Haute autorité de transparence, instance d’enquête sur l’enrichissement illicite des fonctionnaires, révision de loi de lutte contre la corruption… Le pouvoir exécutif multiplie, depuis quelques jours, des annonces sur sa volonté de mener «une réelle campagne mains propres». Intervenant, dimanche et hier à l’APN, le ministre de la Justice, Abderrachid Tabi, a annoncé la révision de la loi 06-01 relative à la prévention et la lutte contre la corruption et la création d’une autre instance, en sus de la haute autorité de transparence, chargée d’enquêter sur les signes extérieurs de richesse des fonctionnaires.
Hier encore, le ministre a affirmé que la haute autorité de transparence «sera dotée d’une instance d’enquête financière et administrative». Abderrachid Tabi affirme également que «la loi relative à la lutte contre la corruption ainsi que le code du commerce feront l’objet d’un amendement urgent avant la fin de l’année», estimant que les procédures relatives à la lutte contre ce fléau exigent la révision d’une série de lois dont le code des procédures pénales, le code pénal, la loi sur l’investissement et le code des marchés publics.

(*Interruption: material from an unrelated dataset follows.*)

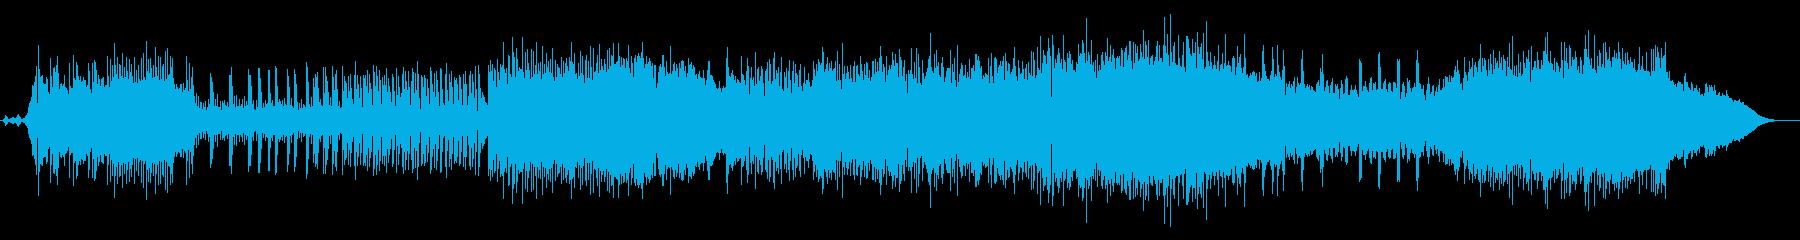 疾走感のあるテンポの速いロックサウンドの再生済みの波形

Face à ces annonces, des juristes restent sceptiques sur les résultats, mettant en cause «l’absence d’une réelle volonté de lutter contre la corruption».
«Combattre la corruption est une bonne chose. Mais la création d’autant d’instances est anormale. Pour lutter contre l’enrichissement illicite par exemple, la loi a déjà confié cette tâche à l’Inspection des impôts, chargée de la vérification des déclarations du patrimoine. A ce rythme, il y aura trop d’instances mais pas d’efficacité», explique Boudjema Ghechir, avocat.
Dans le même sens, il relève le problème de la protection des dénonciateurs des faits de corruption. «Ces derniers se retrouvent souvent poursuivis. Il faut donc leur assurer une réelle protection», lance-t-il.
Pour l’avocat Mostefa Bouchachi, «il n’y a pas de réelle volonté politique de lutter contre la corruption».
«Ça a commencé avec la loi de 2006 qui a fixé les condamnations pour des faits de corruption de 2 à 10 ans de prison. J’ai dit à l’époque que c’est une loi qui encourage les gens à verser dans la corruption. Ensuite, en 2015, il y a eu un amendement, dont l’article 6 stipule que les procureurs généraux et les procureurs de la République n’ont pas le droit d’ouvrir des enquêtes sans qu’il y ait une demande du conseil d’administration des entreprises. Tout récemment aussi, il y a eu une instruction selon laquelle les procureurs ne peuvent ouvrir une information judiciaire sans l’aval du ministre de la Justice. Cela confirme que le système politique ne veut pas s’attaquer réellement à la corruption», précise-t-il.
Abordant la création des instances chargées de la lutte contre la corruption, Mostefa Bouchachi rappelle également le contenu de la loi de 2006. «Ce texte a prévu la création d’une instance nationale de la lutte contre la corruption, rattachée à la Présidence et l’Office central de la répression de la corruption. Mais ils n’ont jamais rien fait. Comment alors faire confiance à des instances dont les membres sont désignés et qui restent sous la tutelle de l’Exécutif ?» demande-t-il.
Et de lancer : «Un système politique totalitaire qui ne respecte par la séparation des pouvoirs et qui ne respecte pas l’indépendance de la justice ne peut pas s’attaquer à la corruption.»